= Gaius Julius Severus =

2nd century Roman senator, consul and proconsul of Asia

Gaius Julius Severus was a Roman senator and aristocrat of the second century. He was suffect consul around the year 138.

Severus was a member of the ancient aristocracy of Asia Minor that persisted into Roman times. He claimed to have descended from Celtic and Macedonian Greek royalty, especially Attalus II, ruler of Galatia. More certainly, he was the son of Gaius Julius Quadratus. He is known to have a brother, Julius Amyntianus, and he is attested to have married Claudia Aquilla.

== Career ==
Severus is notable for having held offices both in the cursus of his native Ancyra, the capital of Roman Galatia, as well as in the Roman cursus honorum. At a young age Severus held the offices of agoranoma, or overseer of the marketplace, agonothet; or overseer of the local games; and archon of Ancyra. He was also a flamen of the Imperial Cult at Ancyra, where he demonstrated his generosity by providing from his own purse oil to the inhabitants of the city, using the money allocated for this purpose to the maintenance of public buildings. Likewise his wife, also a priestess, showed munificence. He also demonstrated his generosity towards the emperor, providing provisions for the soldiers in the Winter of 113/114 as they marched to Trajan's Parthian campaign, and again in the Fall of 117 as they returned from the campaign. In return, the emperor Hadrian, Trajan's successor, adlected Severus into the Senate as an ex-plebeian tribune; few persons are known to have been adlected by Hadrian, so this was an even more prestigious honor.

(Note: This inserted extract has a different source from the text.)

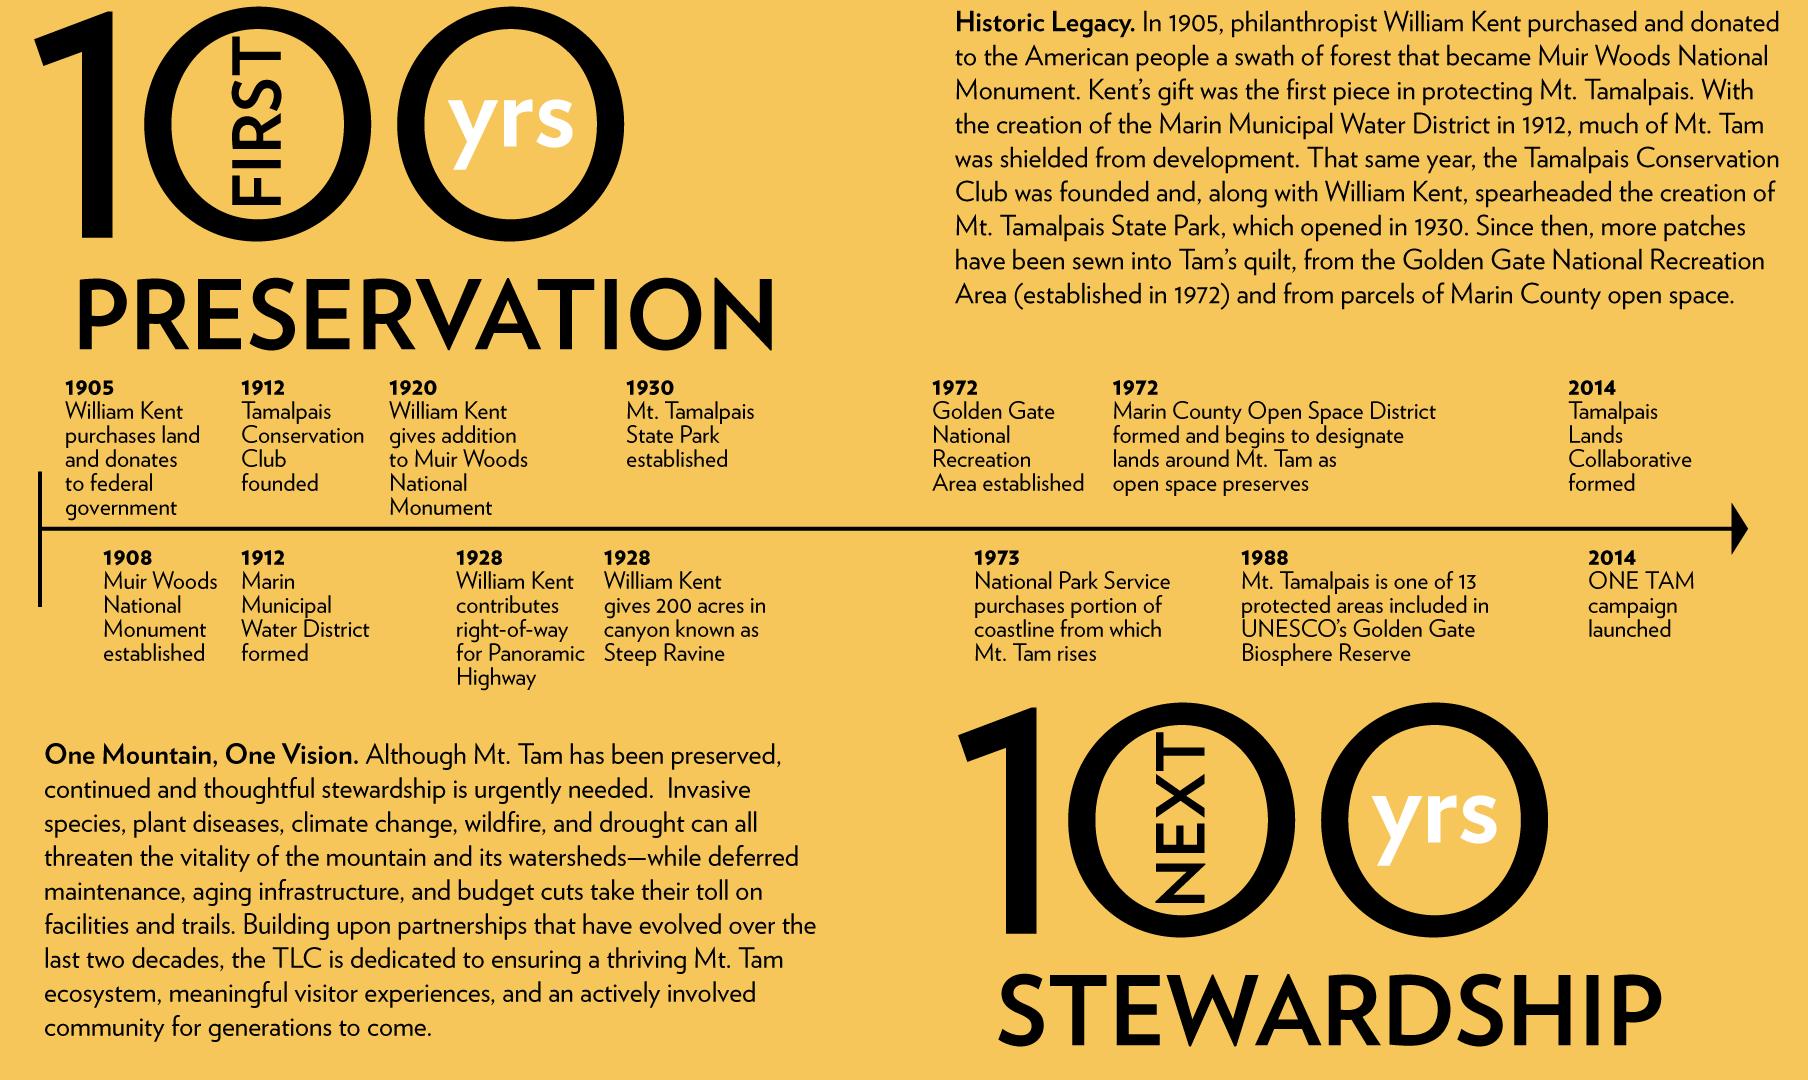 Mt Tam stewardship timeline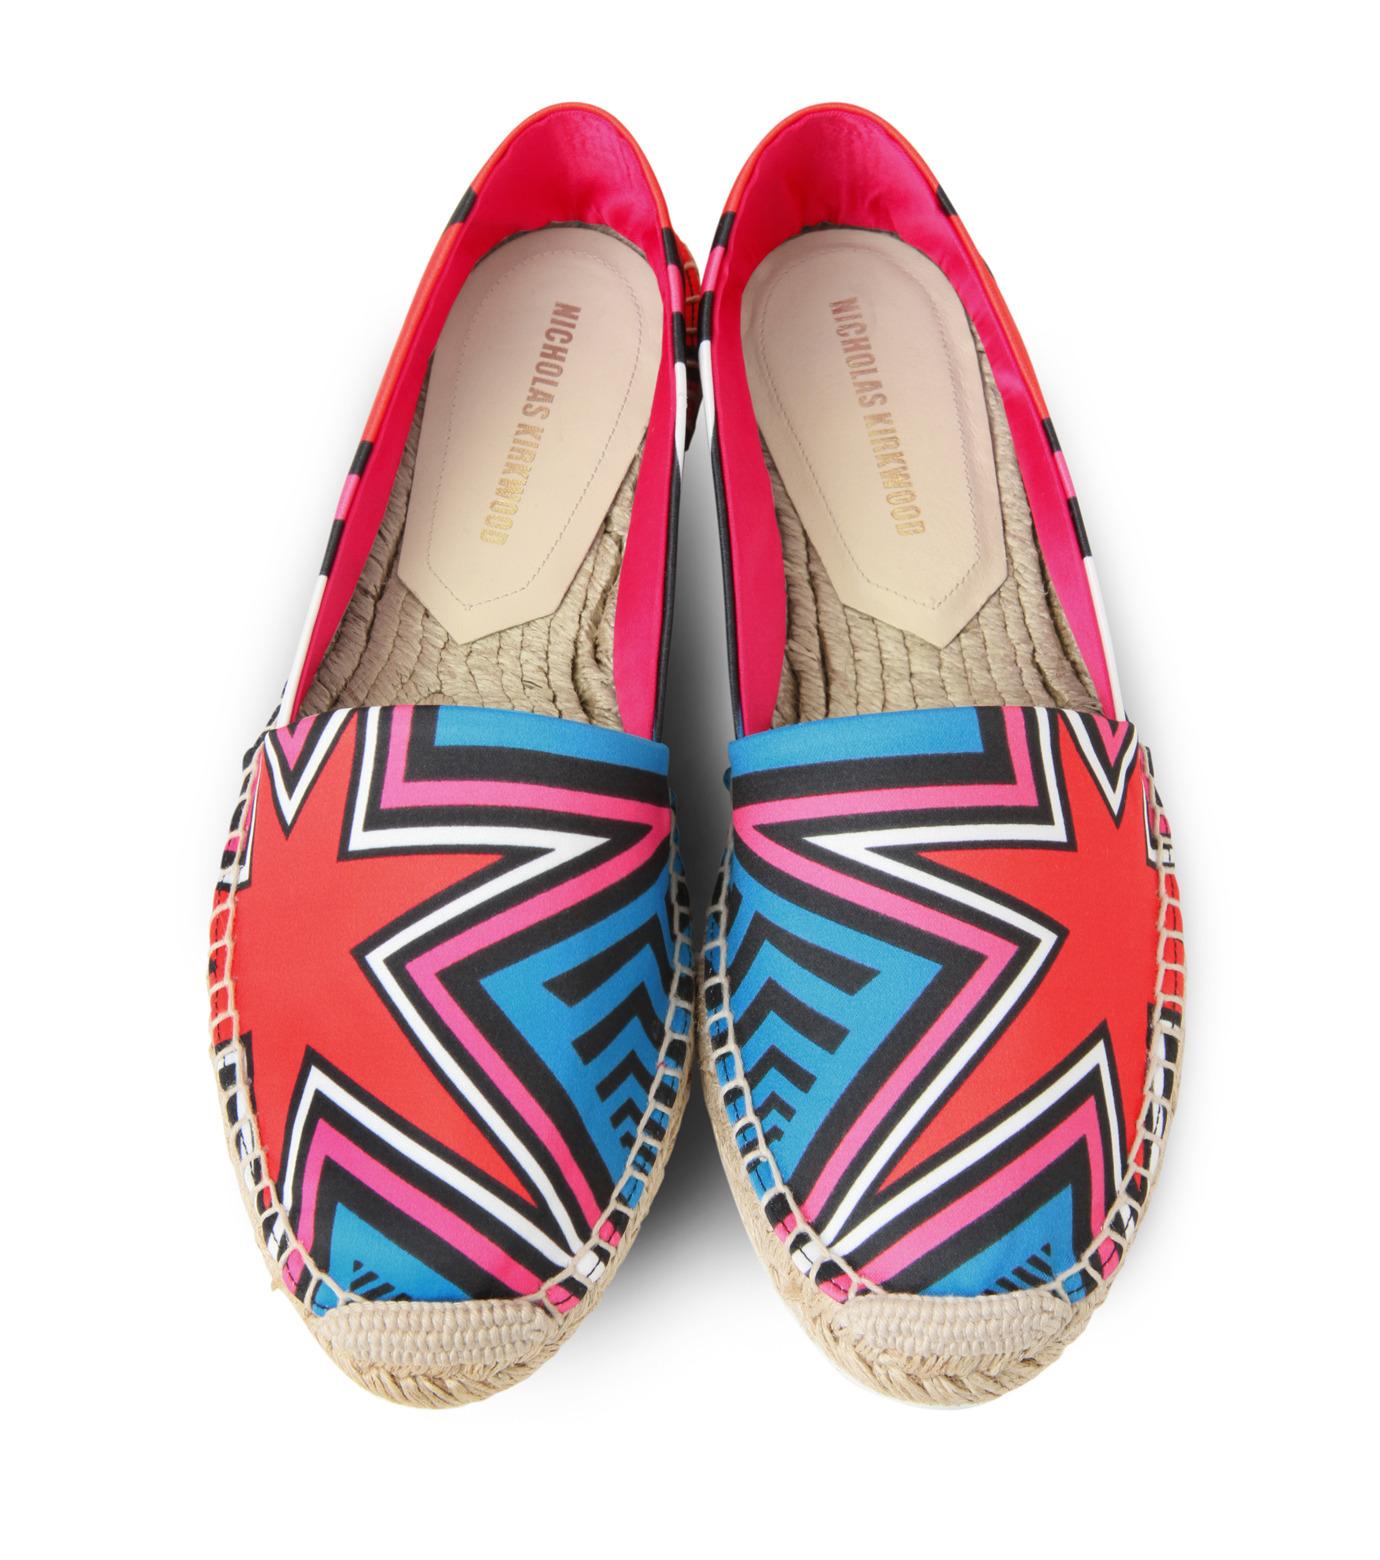 Nicholas  Kirkwood(ニコラス カークウッド)のEspadrille Loafer-MULTI COLOUR(シューズ/shoes)-15SF012-9 拡大詳細画像4

His career as a Roman senator is recorded in an inscription from his home of Ancyra. He was praetor, the next magistracy after plebeian tribune, probably around the year 126. Not long after this, Hadrian appointed Severus legate, or assistant, to the proconsular governor of Asia; usually the proconsul selected his own assistant, so this is another unusual step Severus benefited from. Mireille Corbier suspects Hadrian had wanted him to handle some thorny problems of administering some of the cities of the province. An inscription from Dorylaeum attests to his adjudication of the boundary between that city and one of its neighbors; Corbier believes that second city was Midaeum. Severus was then appointed legatus legionis or commander of Legio IV Scythica from approximately the year 130 to 132, then stationed in Syria; Corbier notes his homonymous son served as military tribune of that legion under him. The most noteworthy event of his command was that the governor of Syria, Gaius Poblius Marcellus, was called away to attend to the Bar Kochba revolt, which required Severus to fill in as governor of this strategic province.

His interim term as governor must have been successful, for Severus was constantly in the imperial service for the rest of the 130s; this close sequence of offices make dating the exact year he held any office controversial. He won the sortition to govern Achaea for 133/134. Next, Hadrian picked him to govern Bithynia and Pontus, which has been dated from 134 to 135 or 136. Corbier suspects his duties included the same charge that Pliny the Younger and Gaius Julius Cornutus Tertullus were given before him: to sort out the finances of its cities. This he handled with a success that brought him fame with its inhabitants that was still remembered in Dio Cassius' time. After returning to Rome from that province, Severus was appointed prefect of the aerarium Saturni; the time he held this office must be squeezed in between his governorship and his suffect consulship, possibly as early as the year 135 to the year 138. Either in 138 or 139 Severus was honored with a consulship.

His residency in Rome was extended with more appointments by Hadrian. First he was curator operum locarumque publicorum et aedium sacrarum ("overseer of public buildings, places, and sacred works") around 140. About this time he was admitted to the College of Pontiffs, the most prestigious of the ancient Roman priesthoods. This was followed by an appointment as governor of Germania Inferior from the year 142 to 145. Corbier notes his son accompanied him again, this time as commander of Legio XXX Ulpia Victrix.

Severus returned to Rome in time to participate in the sortition for one of the two consular public provinces, and he received Asia as his to govern in the years 152/153. Corbier imagines him at this point as having felt like an exile, having spent so many years away from his ancestral Asia Minor. Seeing this province, where he began his imperial career some 25 years earlier, must have been a welcoming event. Here he came into conflict with the Greek orator Aelius Aristides, who had protested he could not discharge his civic duties due to his illness; despite his pleas, Severus ruled Aelius was liable for them.

At this point Severus leaves the pages of history. Since he was, at the youngest, in his sixties, Severus probably died not long after leaving the province of Asia.